Io credo che una prima risposta sia da ricercare in questo esito paradossale: concludendo il suo ciclo nel tracollo economico-finanziario, il neoliberismo ha potuto far tesoro di due esiti politici vantaggiosi. La crisi ha infatti rese acute due gravi scarsità: la scarsità del lavoro e la scarsità di sicurezza. Quest'ultima in parte connessa alla prima.

Tali scarsità pongono la classe operaia e i ceti popolari in una condizione di grave asimmetria di potere e forniscono ai ceti dominanti rapporti di forza e materia di manipolazione ideologica in grado di offuscare le sconfitte subite sul piano economico. Come sempre, bisogno e paura sono diventati due formidabili armi di potere.

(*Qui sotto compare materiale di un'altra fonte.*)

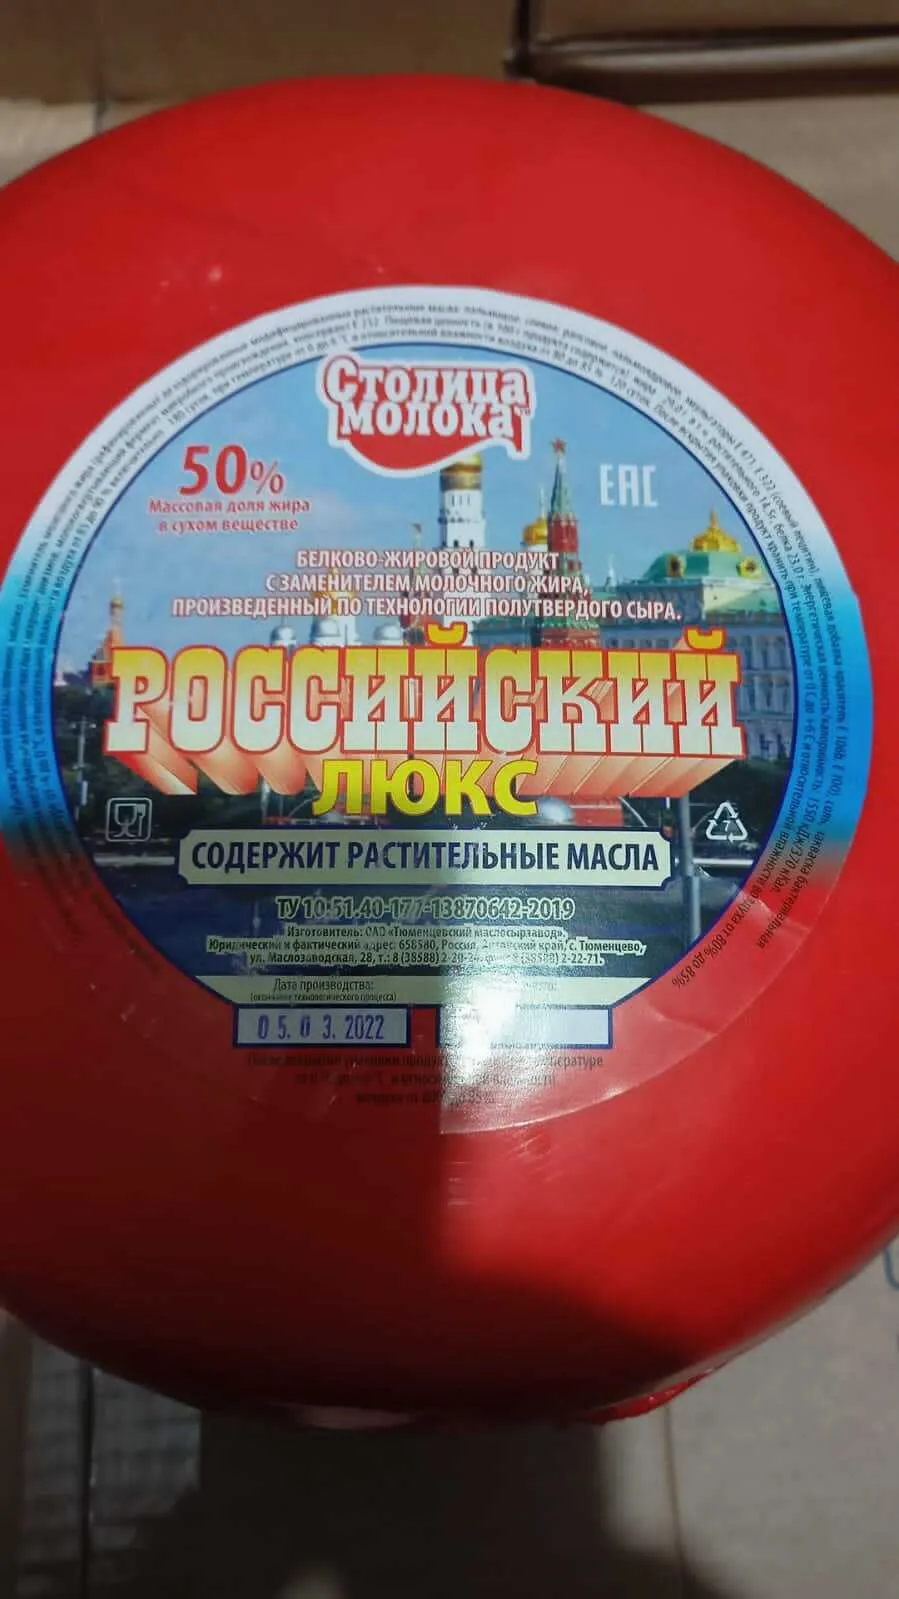 сыр, сырный продукт в Москве опт.цены в Москве 2

Ma questa è una parte della risposta. Alla fine del '900 si è consumata una inversione storica per tanti versi stupefacente. Come ha osservato Mario Tronti, sino ad alcuni decenni fa, il movimento operaio aveva una dimensione internazionale a fronte di un confinamento nazionale del capitale. Con tutti i suoi limiti, l'insieme dei paesi comunisti era anche questo: un fronte internazionale. Oggi assistiamo a un capovolgimento completo dello scenario.

Il lavoro, sempre meno rappresentato sul versante politico e sindacale, è incatenato sul suo territorio, mentre il capitale scorrazza liberamente per il mondo: una libertà di movimento che è un potere politico inedito contro chi ha perso la sua rappresentanza globale. La capacità di ricatto di Marchionne, che può muoversi liberamente tra USA, Brasile, Polonia, Serbia è, sotto tale profilo, esemplare.

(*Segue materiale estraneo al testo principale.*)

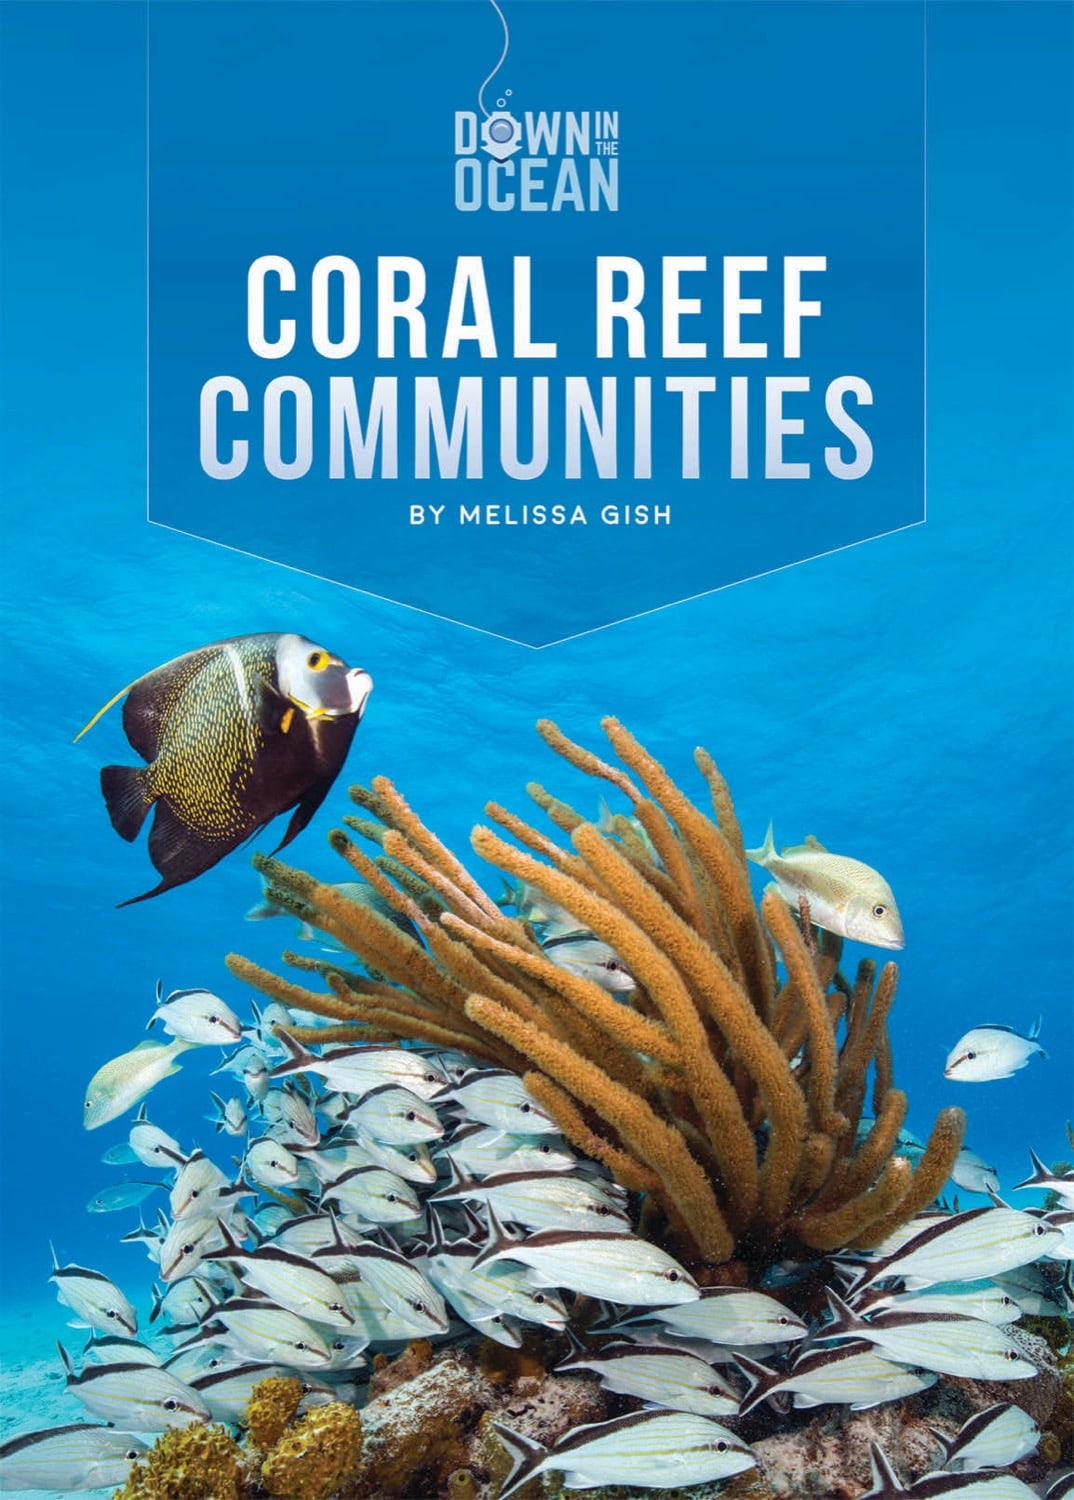 Down in the Ocean: Coral Reef Communities

Ma forse il più grande successo politico del neoliberismo - quello che gli consente oggi di avere ancora diritto di parola - è stata la sua presa egemomica sui partiti tradizionali della sinistra e il loro svuotamento come partiti popolari. Vogliamo ricordare quali sono state le parole d'ordine prevalenti – fatte salve le diversità nazionali - dei laburisti britannici, dei socialdemocratici tedeschi, dei socialisti francesi, degli ex-comunisti italiani, in tutti questi anni? Liberalizzazioni, privatizzazioni, flessibilità del lavoro, riduzione dello stato sociale, emarginazione del sindacato, ecc.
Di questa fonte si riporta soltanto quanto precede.